-- WORK ORDER --
Each line of the data below between the one containing "Fishing Guide - Nelson" and the one containing "Hag Capisco Leder", both included, is to be repeated exactly. Please omit pictures.

-- RECORDS FOR THE TASK --
_ _ _ _ _ _ _

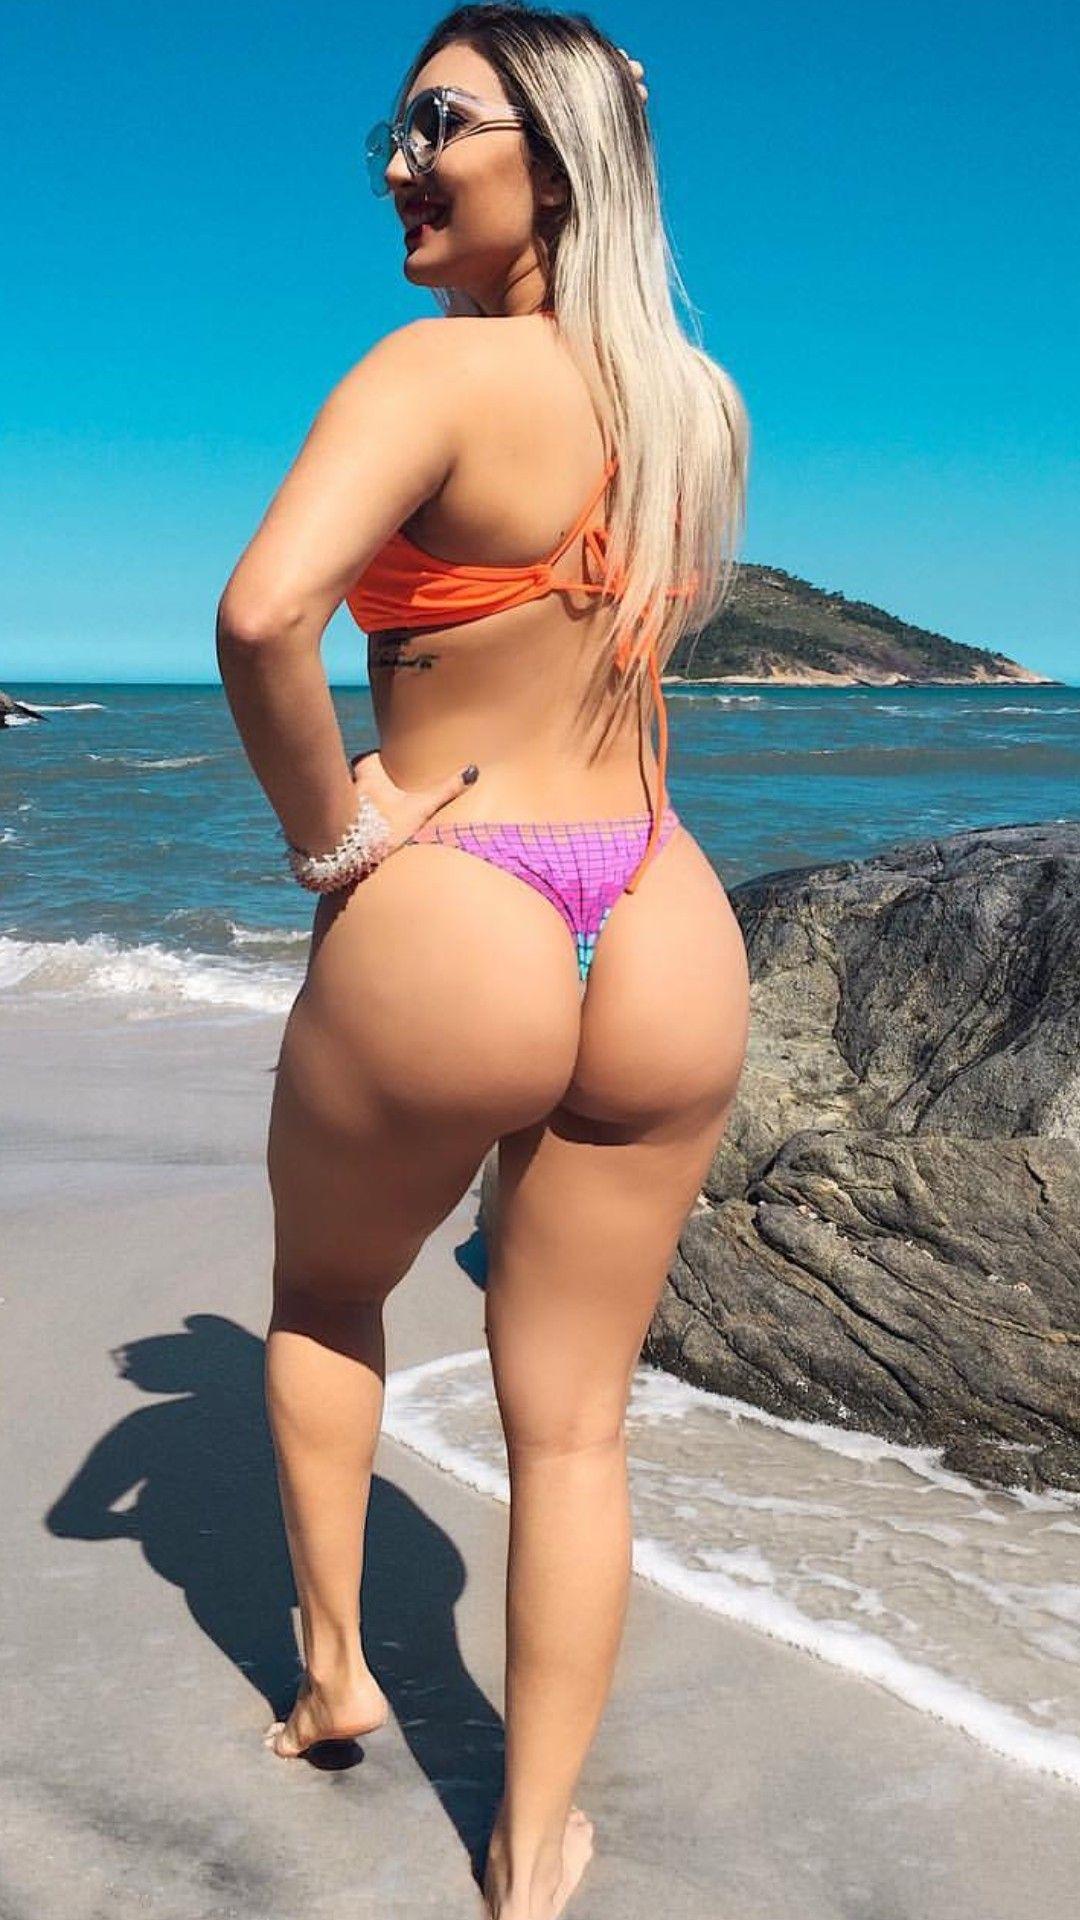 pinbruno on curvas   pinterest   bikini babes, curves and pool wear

_ _ _ _ _ _ _

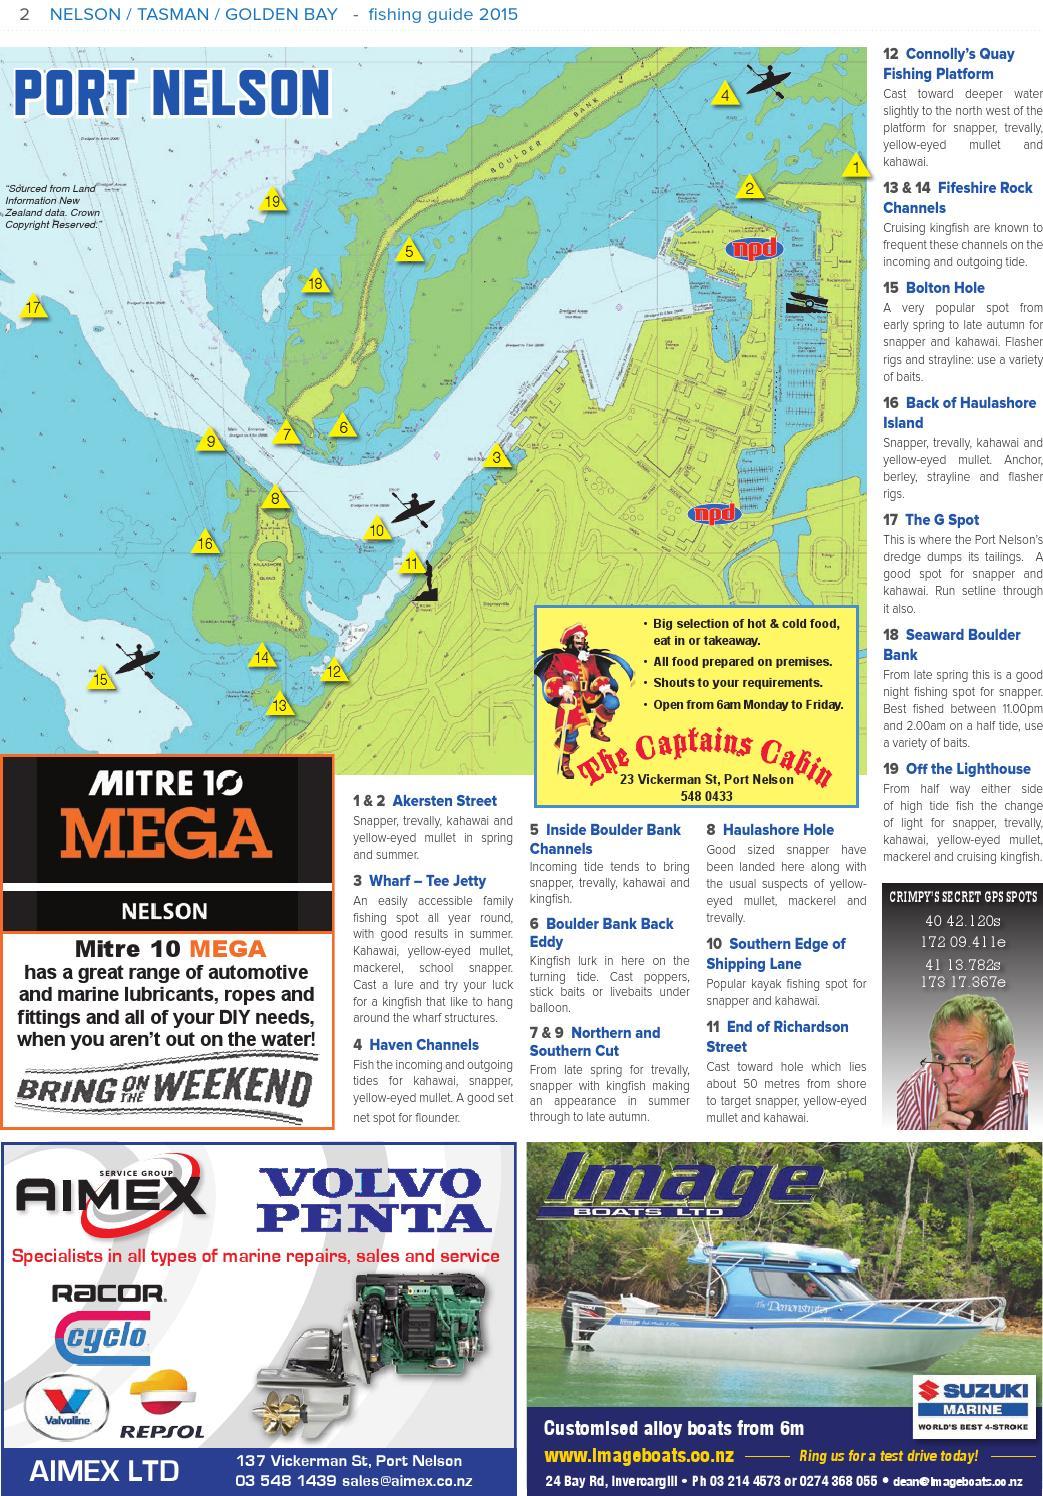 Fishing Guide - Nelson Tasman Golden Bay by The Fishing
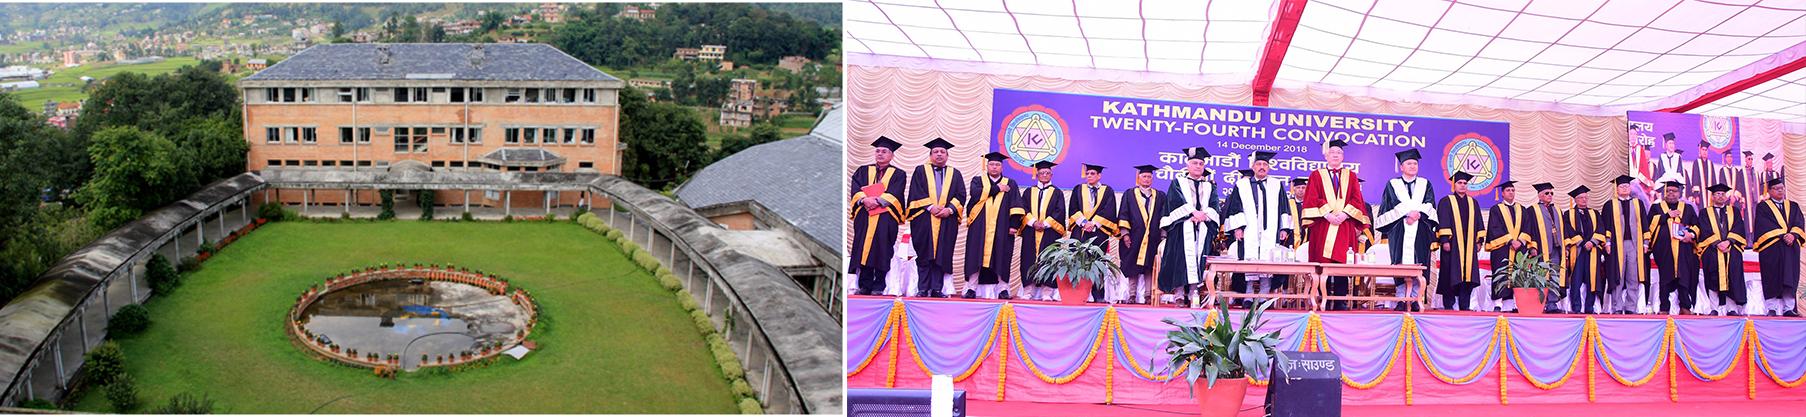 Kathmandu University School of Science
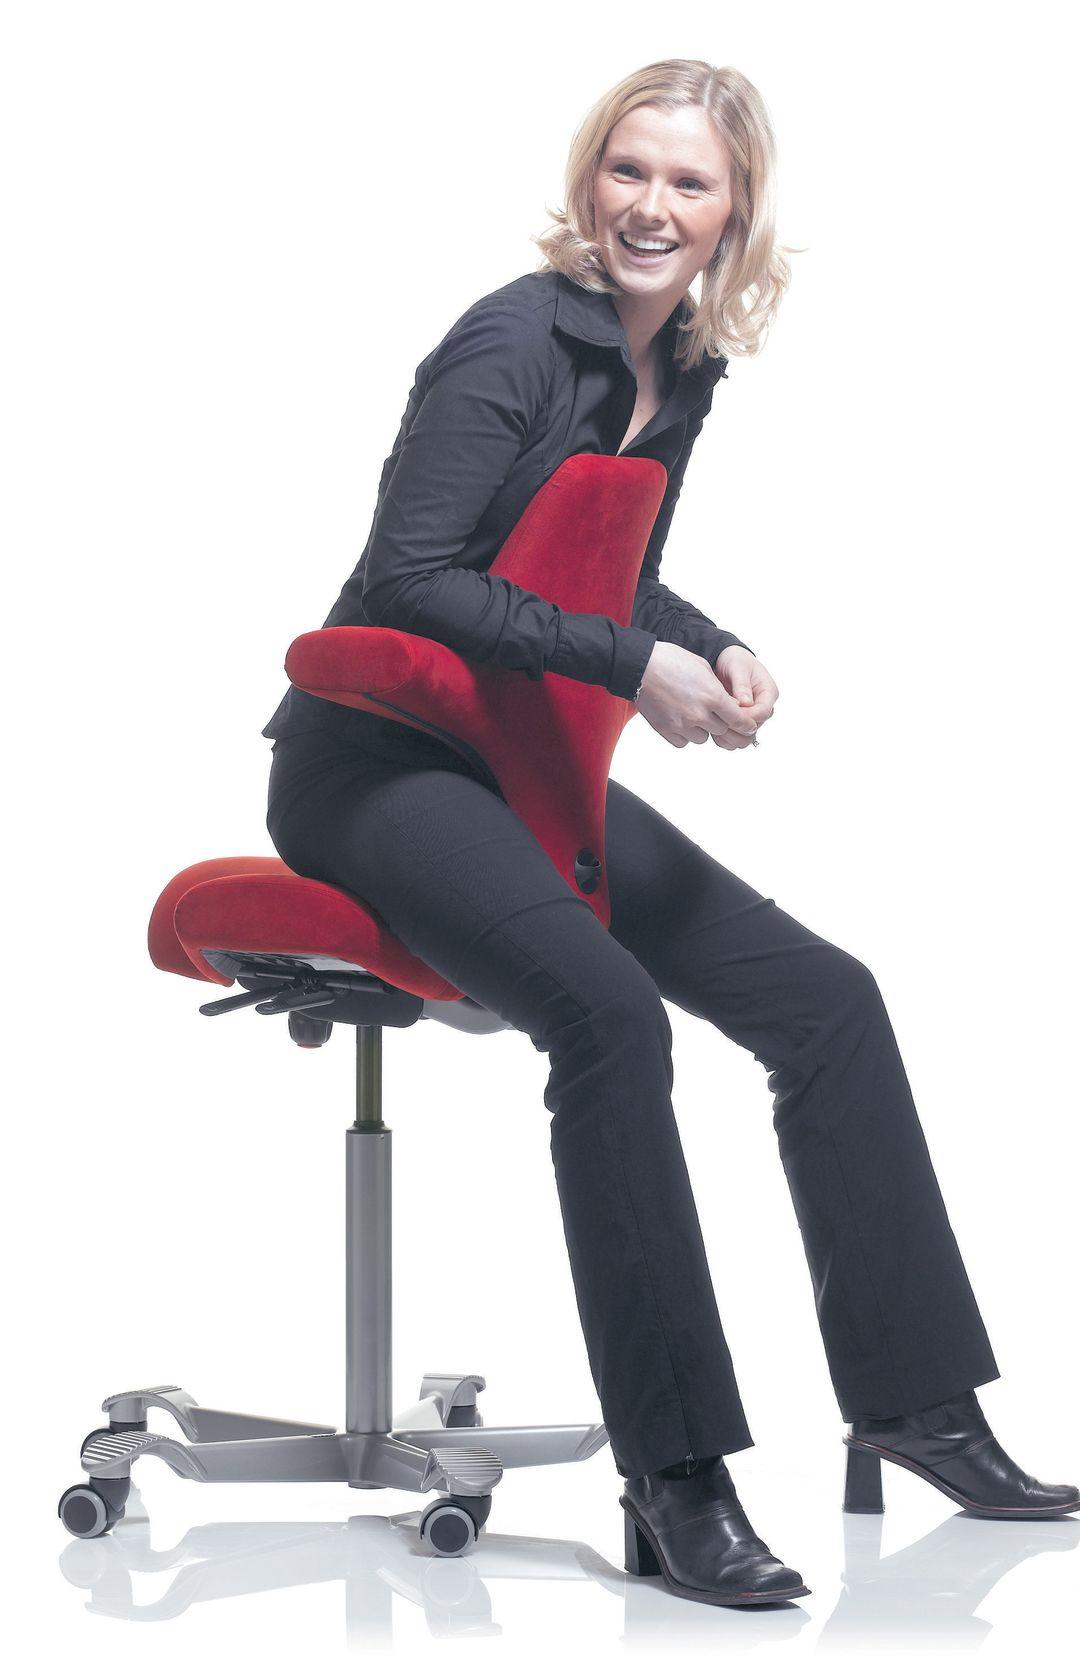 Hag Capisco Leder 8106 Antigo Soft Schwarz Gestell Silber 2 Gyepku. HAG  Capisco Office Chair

_ _ _ _ _ _ _

-- ANSWER TO THE PROBLEM --
 Fishing Guide - Nelson Tasman Golden Bay by The Fishing
 Kathmandu University School of Science
 Hag Capisco Leder 8106 Antigo Soft Schwarz Gestell Silber 2 Gyepku. HAG  Capisco Office Chair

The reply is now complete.